Each IPv4 packet includes a very small header - typically 20 bytes, or more precisely 20 "octets" that includes a source and destination address.

Conceptually the source and destination addresses can be split into two: a network number (the upper bits) and a host number on that network.

A newer packet protocol "IPv6" solves many of the limitations of IPv4 (e.g. makes routing tables simpler and 128 bit addresses) however less than 5% of web traffic is IPv6 based.

A machine can have a IPv6 address and a IPv4 address.

There's no place like 127.0.0.1!

A special IPv4 address is 127.0.0.1 also known as localhost. Packets sent to 127.0.0.1 will never leave the machine; the address is specified_ to be the same machine.

Notice that the 32 bits address is split into 4 octets i.e. each number in the dot notation can be 0-255 inclusive.

What is a port?

To send a datagram (packet) to a host on the Internet you need to specify the host address and a port. The port is an unsigned 16 bit number (i.e. the maximum port number is 65535). A process can listen for incoming packet on a particular port. However only processes with super-user (root) access can listen on ports < 1024. Any process can listen on ports 1024 or higher.

An often used port is port 80: Port 80 is used for unencrypted http requests (i.e. web pages). For example, if a web browser connects to http://www.bbc.com/, then it will be connecting to port 80.

What is UDP? When is it used?

UDP is a connectionless protocol. It's very simple to use: Decide the destination address and port and send your data packet! However the network makes no guarantee about whether the packets will arrive. Packets (aka Datagrams) may be dropped if the network is congested.
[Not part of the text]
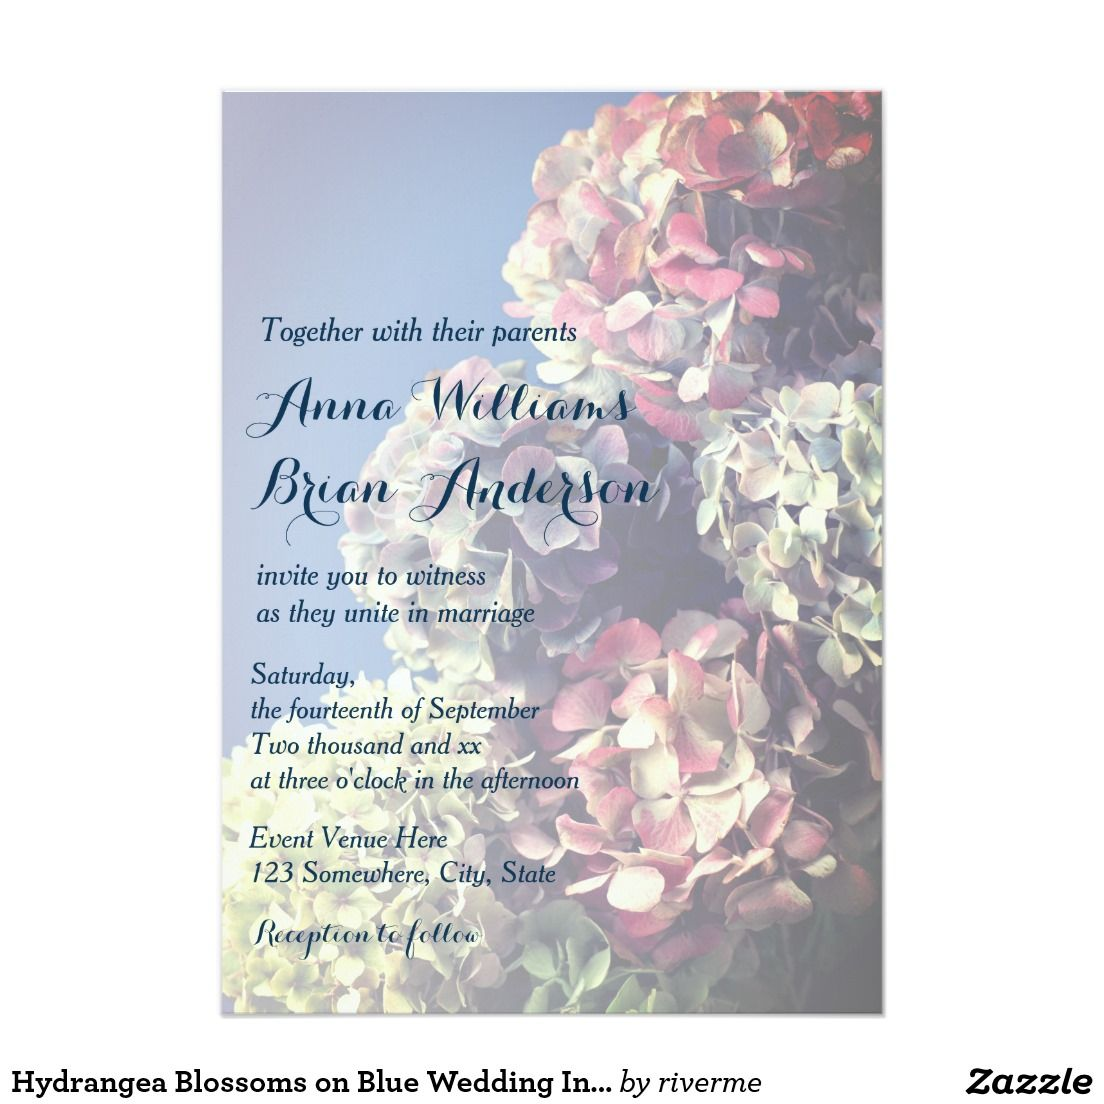 Hydrangea Blossoms on Blue Wedding Invitation

Packets may be duplicated or arrive out of order.

Between two distant data-centers it's typical to see 3% packet loss.

A typical use case for UDP is when receiving uptodate data is more important than receiving all of the data. For example, a game may send continuous updates of player positions.
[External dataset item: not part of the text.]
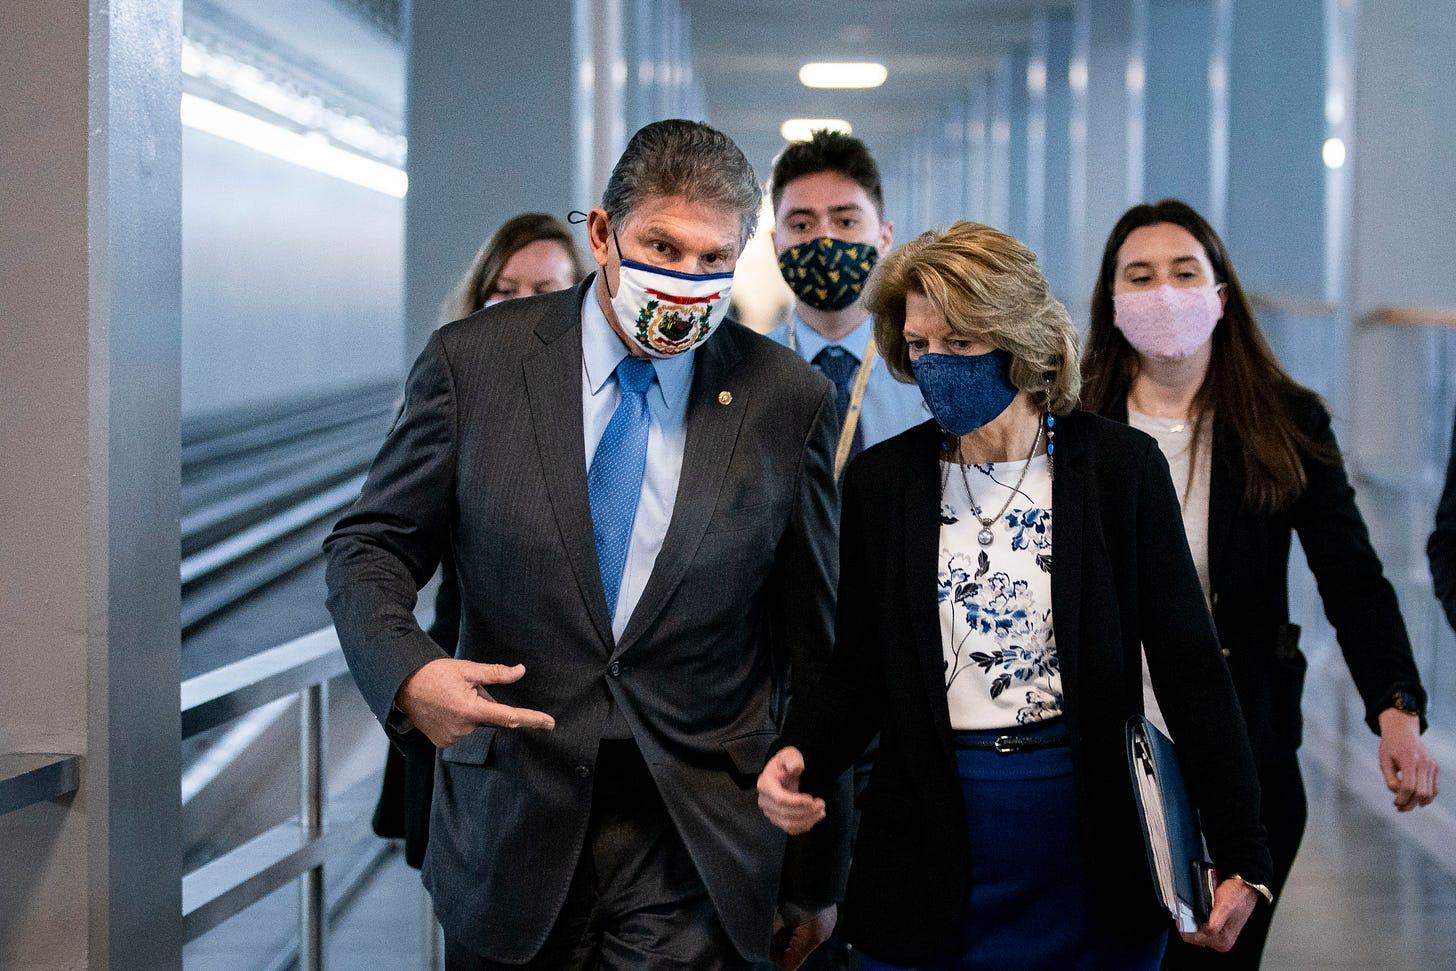 Senators Joe Manchin (D-WV) and Lisa Murkowski (R-AL). (Photo: Getty Images)

What is TCP? When is it used?

TCP is a connection-based protocol. TCP creates a pipe between two machines and abstracts away the low level packet-nature of the Internet: Thus, under most conditions, bytes sent from one machine will eventually arrive at the other end without duplication or data loss.

TCP will invisibly manage resending packets, ignoring duplicate packets, re-arranging out-of-order packets and changing the rate at which packets are sent.

Most services on the Internet today (e.g. a web service) use TCP because it hides the complexity of lower, packet-level nature of the Internet.